I was going to write a long-winded post, but I'll boil it down here:
I'm trying to emulate the graphical old-school style of the NES via XNA. However, my FPS is SLOW, trying to modify 65K pixels per frame. If I just loop through all 65K pixels and set them to so开发者_如何学JAVAme arbitrary color, I get 64FPS. The code I made to look-up what colors should be placed where, I get 1FPS.
I think it is because of my object-orented code.
Right now, I have things divided into about six classes, with getters/setters. I'm guessing that I'm at least calling 360K getters per frame, which I think is a lot of overhead. Each class contains either/and-or 1D or 2D arrays containing custom enumerations, int, Color, or Vector2D, bytes.
What if I combined all of the classes into just one, and accessed the contents of each array directly? The code would look a mess, and ditch the concepts of object-oriented coding, but the speed might be much faster.
I'm also not concerned about access violations, as any attempts to get/set the data in the arrays will done in blocks. E.g., all writing to arrays will take place before any data is accessed from them.
As for casting, I stated that I'm using custom enumerations, int, Color, and Vector2D, bytes. Which data types are fastest to use and access in the .net Framework, XNA, XBox, C#? I think that constant casting might be a cause of slowdown here.
Also, instead of using math to figure out which indexes data should be placed in, I've used precomputed lookup tables so I don't have to use constant multiplication, addition, subtraction, division per frame. :)
There's a terrific presentation from GDC 2008 that is worth reading if you are an XNA developer. It's called Understanding XNA Framework Performance.
For your current architecture - you haven't really described it well enough to give a definite answer - you probably are doing too much unnecessary "stuff" in a tight loop. If I had to guess, I'd suggest that your current method is thrashing the cache - you need to fix your data layout.

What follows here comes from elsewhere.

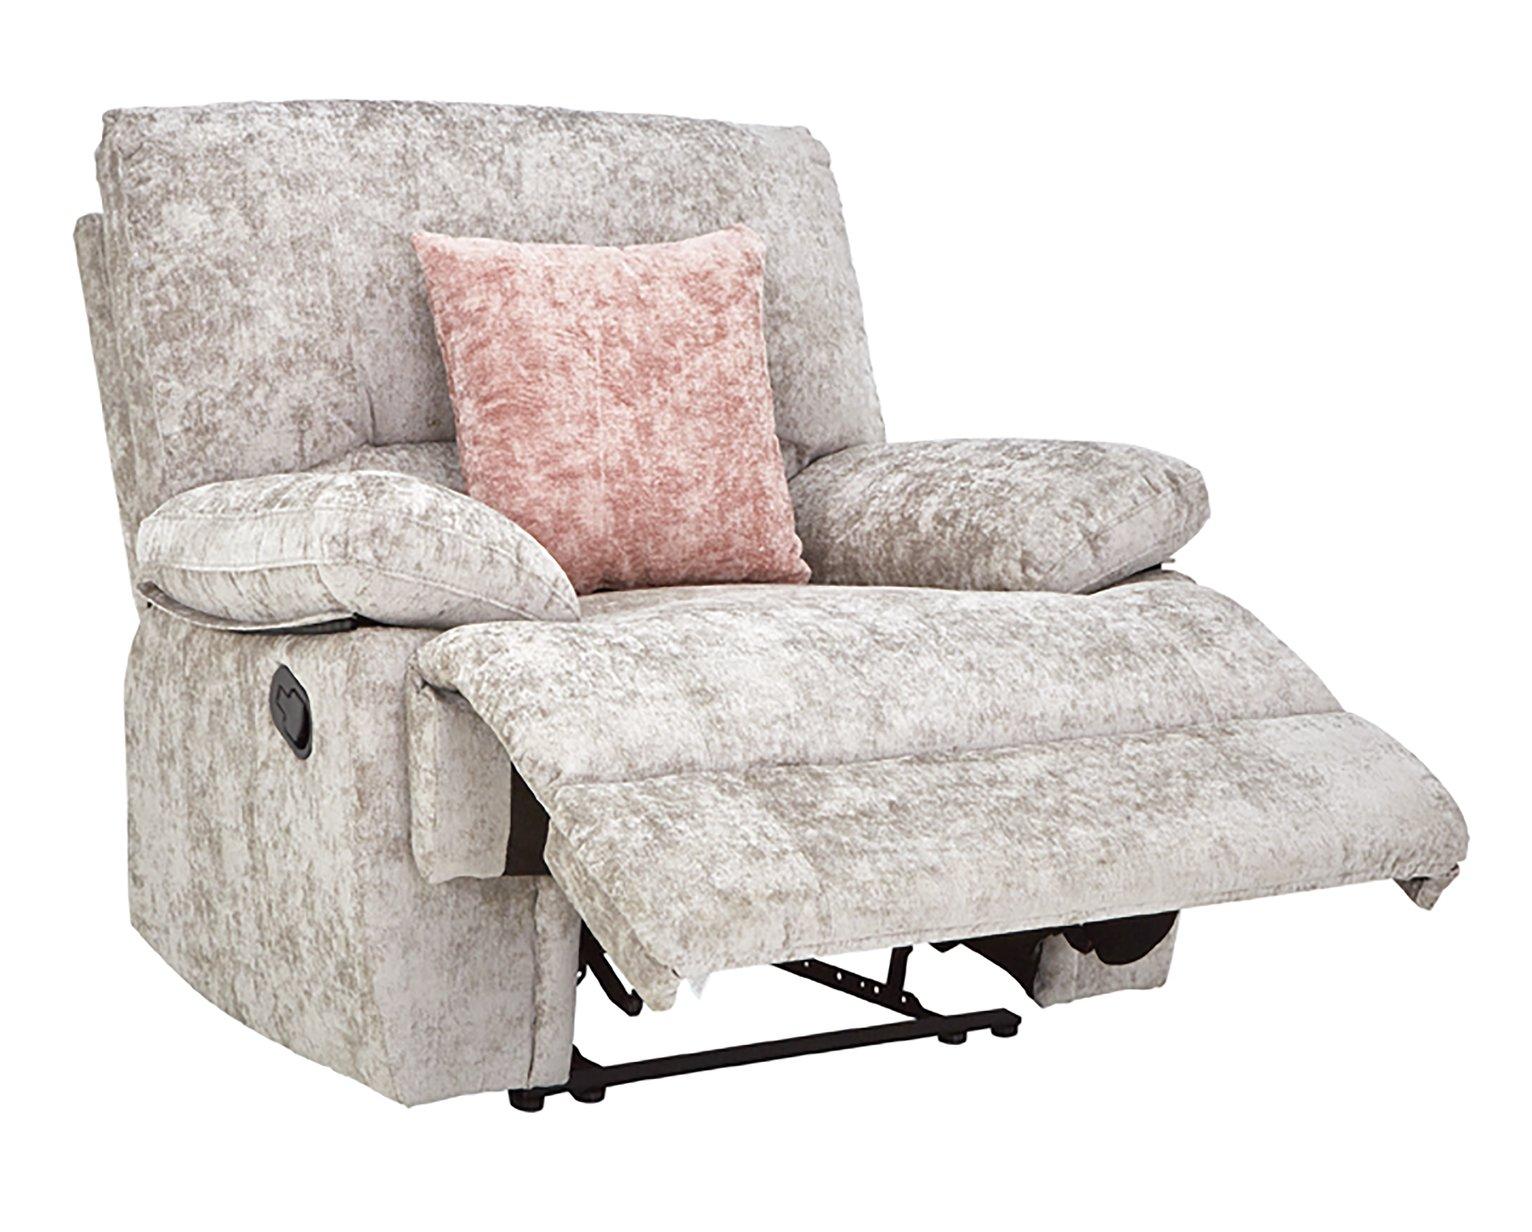 Carmilla Fabric Manual Recliner Chair - Silver - £181.95 Delivered @ Argos

In the ideal case you should have a nice big array of small-as-possible value types (structs not classes), and a heavily inlined loop that shoves data into it linearly.
(Aside: regarding what is fast: Integer and floating point maths is very fast - in general, you shouldn't use lookup tables. Function calls are pretty fast - to the point that copying large structs when you pass them will be more significant. The JIT will inline simple getters and setters - although you shouldn't depend on it to inline anything else in very tight loops - like your blitter.)
HOWEVER - even if optimised - your current architecture sucks. What you are doing flies in the face of how a modern GPU works. You should be loading your sprites onto your GPU and letting it composite your scene.
If you want to manipulate your sprites at a pixel level (for example: pallet swapping as you have mentioned) then you should be using pixel shaders. The CPU on the 360 (and on PCs) is fast, but the GPU is so much faster when you're doing something like this!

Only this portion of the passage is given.